In the case of maximizing the yearly contribution of a 401k and an IRA, I decided to compare doing Roth vs. doing traditional and then investing the difference outside the retirement accounts. Given constant 8% returns, no difference in tax rates, etc. It appears the additional tax protections of the Roth will account for an additional $78k of spending power at retirement (2014 dollars). This assumes the investments are turned over every 2 years. Of course, that number would be less if it was 4 years instead of 2, but I didn’t built it in a way where it’s easy to change that variable (derp derp).
That the total tax for the roth is so much lower than the total tax for the traditional simply reflects that at the moment you pay the Roth tax upfront, you’re also paying the opportunity cost of not investing that money. Whereas w/ the Traditional you get to invest that money… so at the end you end up with a bigger lump (which is then taxed to hell all at once).
Verdict: If you have the money (e.g. you’re investing enough outside this to have a down payment on a house), do the Roth. But be aware that your gain is only like 6% and it means having less financial flexibility in those 30 years (since all the money is locked in the retirement fund).
Recently I’ve been reading some new blogs on early retirement. They emphasize aggregating money and reducing living expenses.
The extremity makes them more interesting than reading the same boring Dave Ramsey stuff over and over again. These people are dynamic, gaming Obamacare, people making their own soap, people fixing their own appliances, living out of an RV, etc. While I can’t say I’m sold on their lifestyle yet, I know from my yearly camping experiences that I’m perfectly happy camping… so I’m not ready to discount them either. As an experiment, I’ve crunched some numbers to see the range of my net worth in 10 years.
Current Level of Sacrifice (includes paid off condo at the end, ~$400k):
Ultimate Sacrifice (Sell everything and live in an RV for 10 years):
so we’re looking at like $1.76M and no condo or yo-yo collection (extreme) or $883k + $400k condo + yo-yo collection. A swing of about $477k minus a yo-yo collection. That’s not a small amount of money, but is ~$400k a year worth (beat down a little by inflation) worth the discomfort an RV would cause (what about the freedom an RV would give?)?
I’m not sure yet. My biggest immediate concern is that I don’t know the nearest place I could park an RV w/ electricity and water to my job. I should probably write a post detailing my concerns. Happily though, I’m a millionaire in either case.
I don’t know when the economy will go down again. Or when a company might lay me off. But I know that it’s definitely going to happen again in my lifetime, and when it does happen I’ll need some money. Save save save.
Research Research Research. You find successful people. You find old people. Some of them may be failing… but it’s hard to know. These people have a head start, that’s clear. At some point you just have to start running… if you don’t run, it’s impossible to catch up. But you don’t want to enter a fight where the numbers will just never make sense. Hard to know sometimes what is calculable vs. flexible. What’s clear is, I have to start building something. Even if it isn’t efficient. Even if I don’t know what the competitive advantage is going to end up being. It’s like riding a bike. You have to at least get the motions down even if you know you’re not Tour De France material yet.

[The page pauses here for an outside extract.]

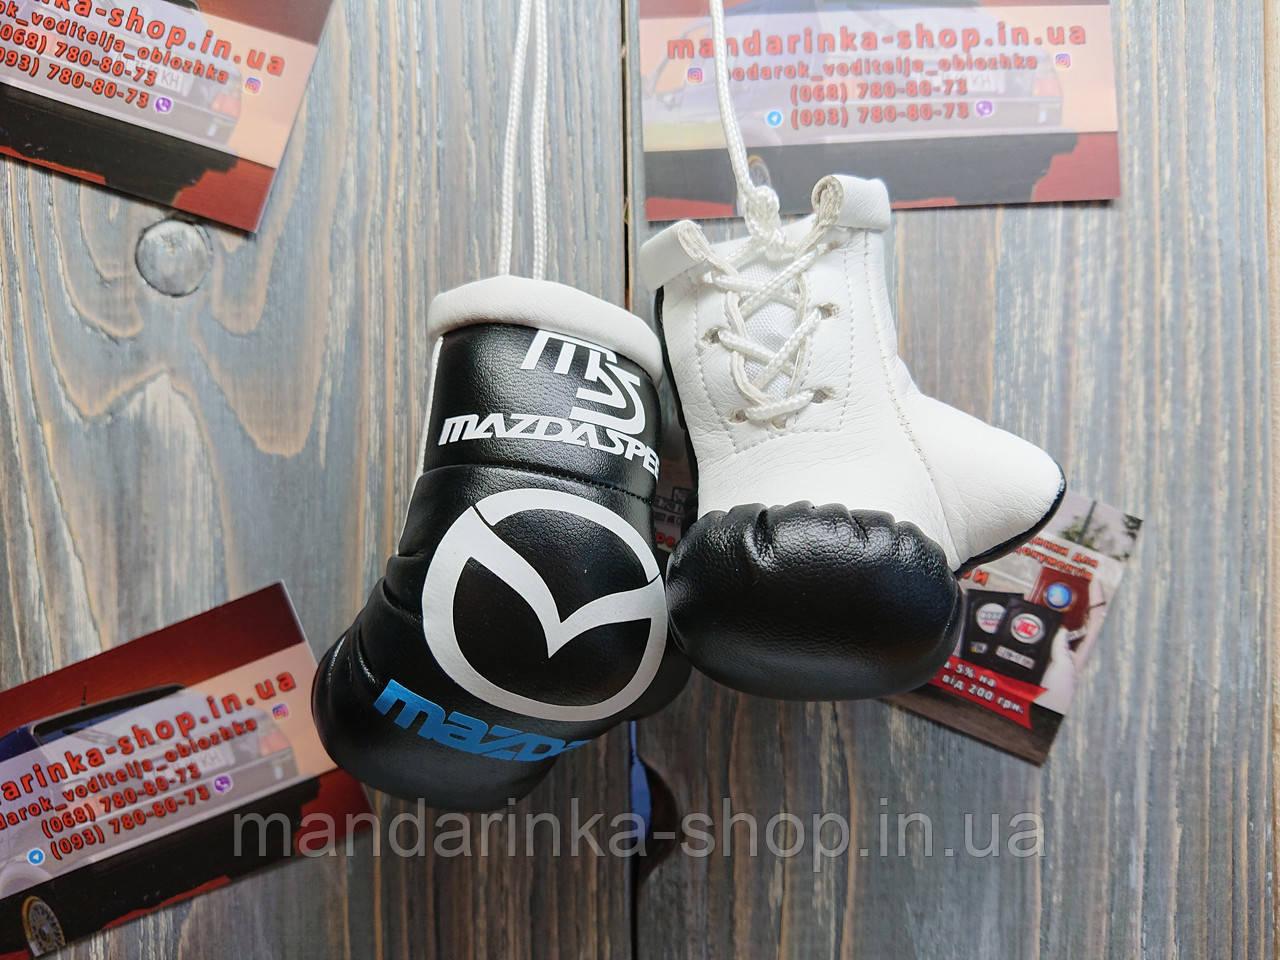 Рукавички боксерські чорні, міні сувенір підвіска в авто Mazda

Geez. 30% of the business for only $75k? What a steal…
Maybe I can get something weird going like “Coffee and Financial Planning”
$34,500 outside of retirement accounts ($50k). $36,500 if you count the Dec. 31 paycheck (I don’t, really). My goal was $40k but I missed it. I broke up with my girlfriend and September and then got a bit lazy / sad / retail therapy, missing $1600 in contributions and withdrawing some money for property taxes and a vacation next year (Vietnam flight). Condo worth about $340k with $111k still owed. Not too shabby. Laziness realized, I’ve hopped back on the budget train, and 2015 has a plan… Or at least a spreadsheet showing my options.
I refinanced the condo to a 10 year fixed! I worked an extra job for a while.
My company is doing a 401k in 2015, and I can pick a Roth. So if I max a backdoor Roth IRA at $5500 and the Roth 401k at $18000 then that leaves only about $25k for paying off the condo. At that rate, setting aside $4k a month like in 2014, it would take until Jan. 2018 to pay off the condo… But I’d have a much more balanced financial position than if I shoved all my money into real estate just to be rid of B of A faster. And the tax free retirement money is better in the long run… and I can’t make up the amount later… An extra $1000 a month would accelerate the whole plan by about a year. That should be doable if I can earn more income. More on that later.
The $7k from the consulting shows that I should be ableto get some income. I should probably try selling expensive items. Something that requires a little intelligence to describe properly… But I really do like coffee… We will see.
I started this May 17 with $12k. I now have triple that. If all goes according to plan, by this time next year I’ll have more like 5 times that, $60k (after retirement takeouts… and $100k of debt remaining). I should do something at the 1 year mark to celebrate. I should have $55k by then.
Recently I’ve been reading more about Dave Ramsey’s attitude toward the poor… And I think I need to develop an opinion on it.